SB Nation has a gloating editorial about the Big East’s disappointing performance in the NCAA Tournament, in which there are only two Big East March Madness teams left in the Sweet 16 bracket. If you’re a fan of a Big East team, this whole article is probably going to get your blood boiling, but here’s just a bit of it:
The Big East deserves it. It’d be one thing if everyone came out and admitted that yeah, it was probably a little ridiculous for the Big East to be getting 11 teams in the NCAA Tournament. Or if everyone conceded that for all the hype surrounding the league’s top seeds (Pittsburgh, Syracuse, Louisville, Notre Dame, UConn) we really hadn’t seen them beat anyone but each other. But even now, people still think this is just some fluke.
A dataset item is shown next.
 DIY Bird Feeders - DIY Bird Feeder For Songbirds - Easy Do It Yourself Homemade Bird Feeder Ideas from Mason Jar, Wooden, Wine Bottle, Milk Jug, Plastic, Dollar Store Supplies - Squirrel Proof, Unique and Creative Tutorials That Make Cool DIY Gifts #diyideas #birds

The author himself admits to putting Louisville in his Final Four, so it’s hard to know how seriously to take all this. But it’s worth remembering a few things here.
-P- There were 11 Big East teams, and those teams have gone 9-9 so far in the tournament. They should have done better, given that teams like Pitt and Notre Dame had easy games against automatic bids in the first round, but they still did win half their games. It’s hard to really argue that the Big East didn’t deserve to have so many teams in the tournament if, after a performance that is widely perceived as an epic fail, the conference still won half its games.
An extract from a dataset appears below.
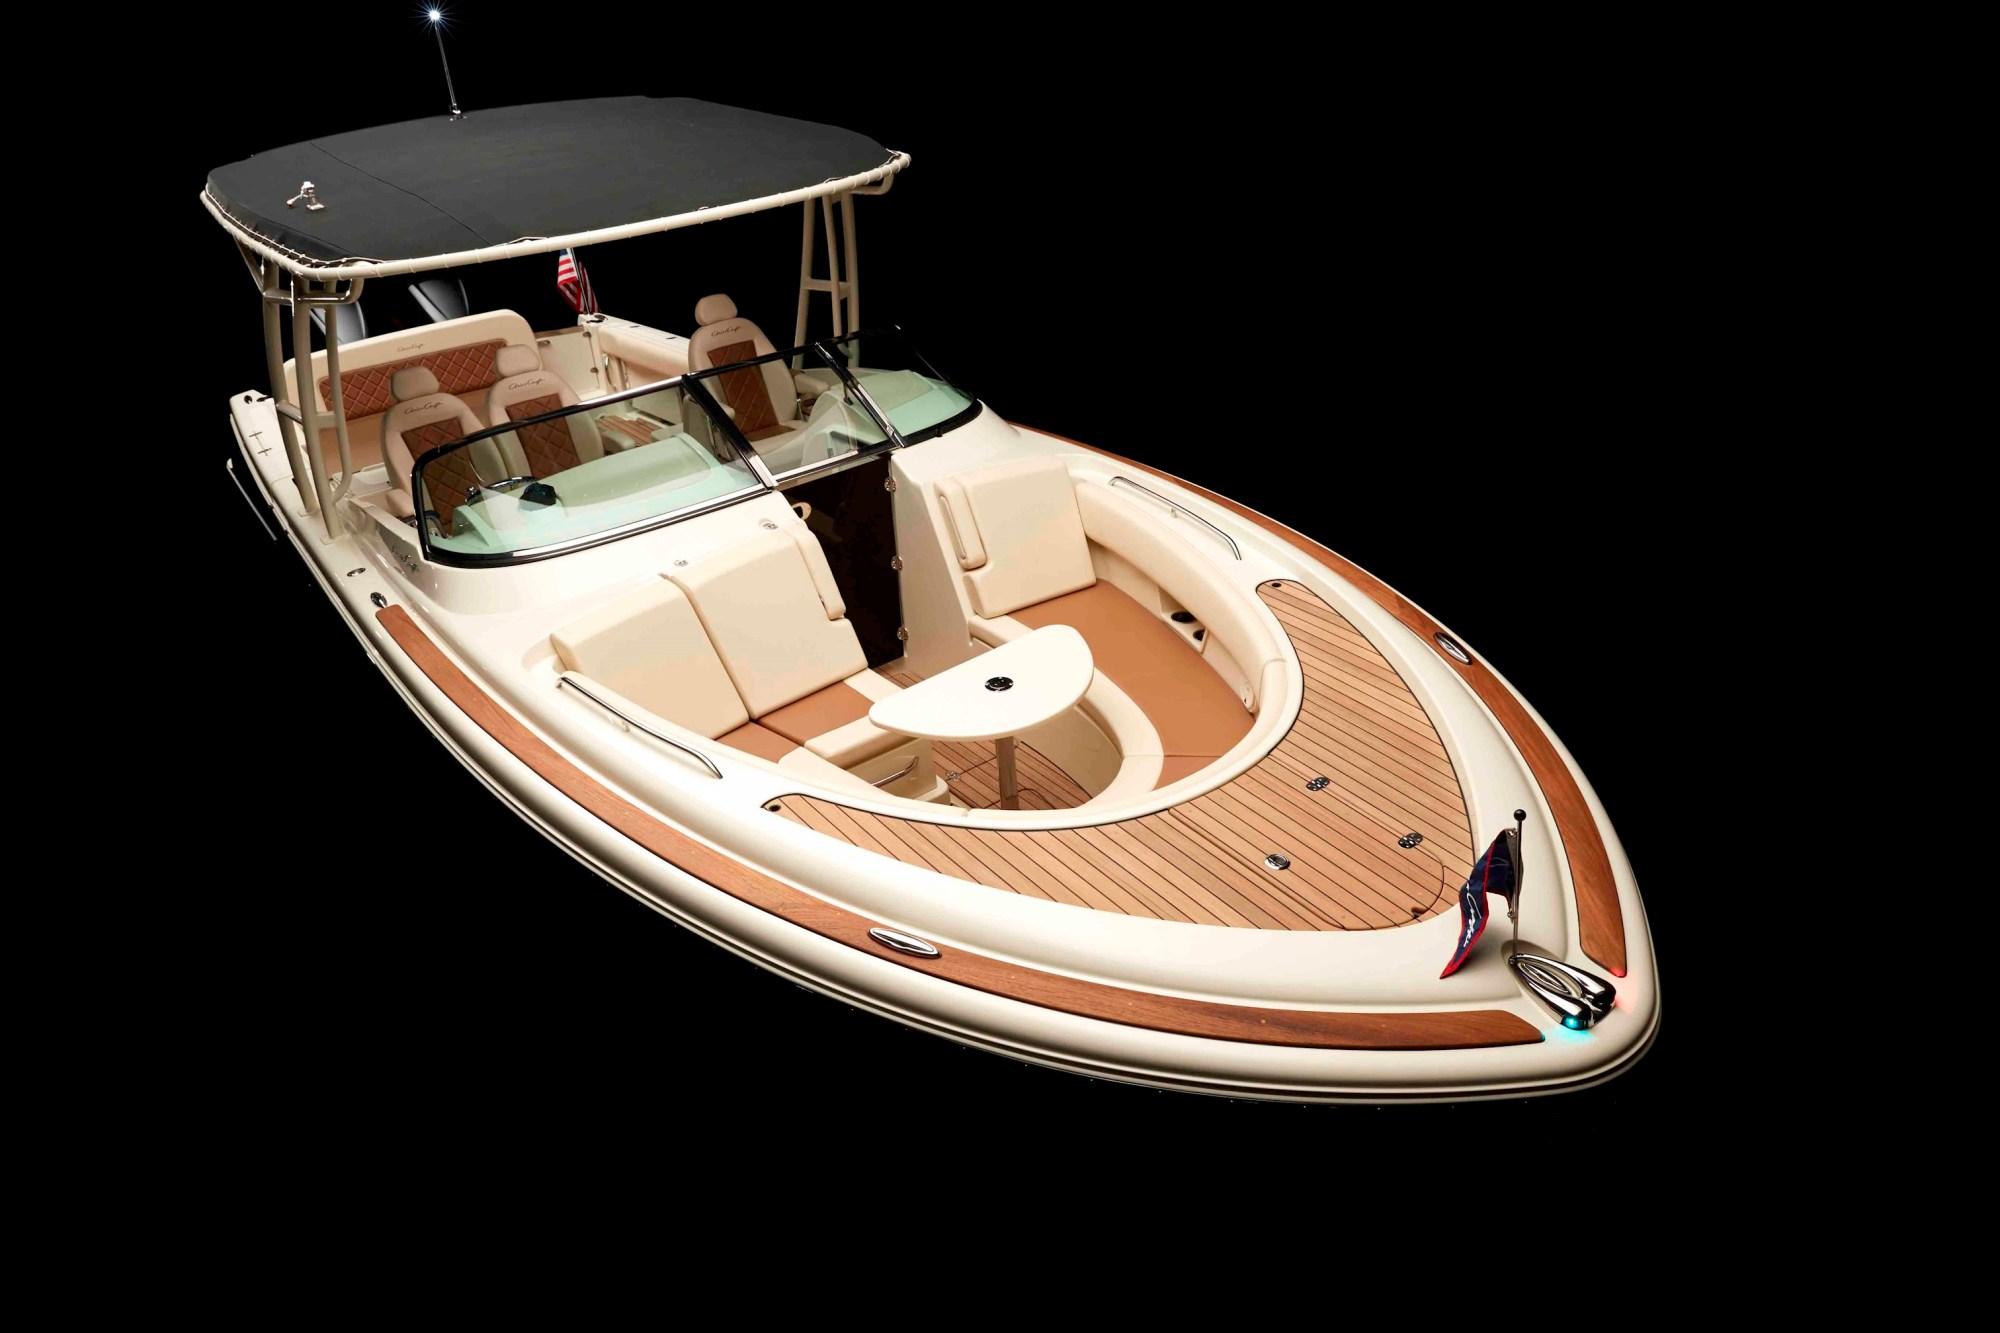 hight resolution of  chrysler boat wiring diagram on chrysler fuel diagrams dodge truck electrical diagrams chrysler engine

-P- Nine losses, including a couple in which Big East teams eliminated each other, is a really small sample. In the eyes of the public, it will certainly outweigh the perceptions of coaches and pollsters who consistently ranked Big East teams among the best in the country throughout the season, but it probably shouldn’t.
-P- If Big East 11 teams didn’t deserve to make it, who should have stayed home? Villanova, probably, and that might be fair, given the Wildcats’ late-season collapse. What about Marquette? The Golden Eagles are still in the tournament, and they didn’t really have a loss to a bad team all season, except maybe Seton Hall. That’s it. The other nine teams simply weren’t bubble teams, and it’s a huge stretch to think any of them should have been.
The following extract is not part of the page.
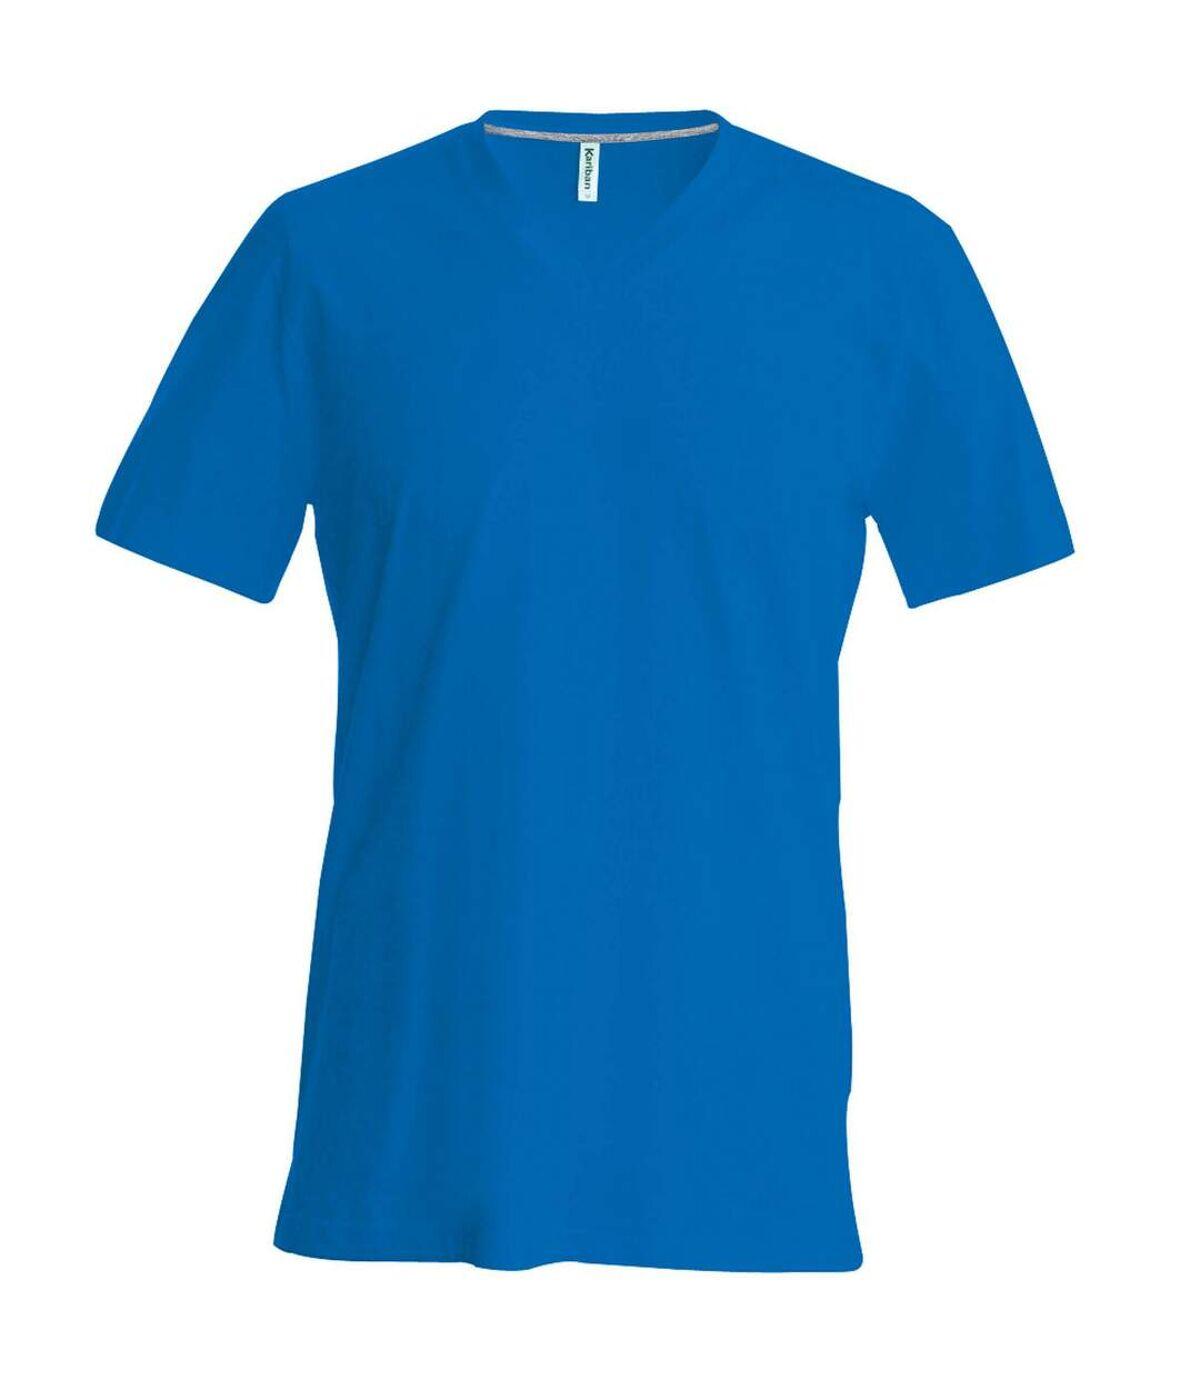 Kariban Mens Short Sleeve V Neck Slim Fit T-Shirt (Royal Blue) - UTRW707

The author notes that the conference’s top teams “hadn’t really” beaten anyone except one another. This could be said, though, of most top teams. The conference season is long, and it’s common practice for top teams to fill much of their non-conference schedules with cupcake games.
Kansas, for example, played Arizona, Memphis, and UCLA in its non-conference schedule, and needed overtime to beat Michigan, and that was about it for the Jayhawks’ non-conference games against really good teams. Duke played Marquette, Kansas State, Michigan State and Butler, but otherwise filled its non-conference schedule with snoozers against teams like Bradley, Saint Louis and Colgate. If Pitt’s or Notre Dame’s non-conference schedules were easier than the norm for top teams, it wasn’t by much at all.
SB Nation makes a provocative argument, and it’s one that will probably have resonance for most of the country, but I think it’s at least as likely that the Big East just had a somewhat unfortunate string of games at the wrong time. I know, I know – sports fans call that “choking.” But I prefer to think of it as variance.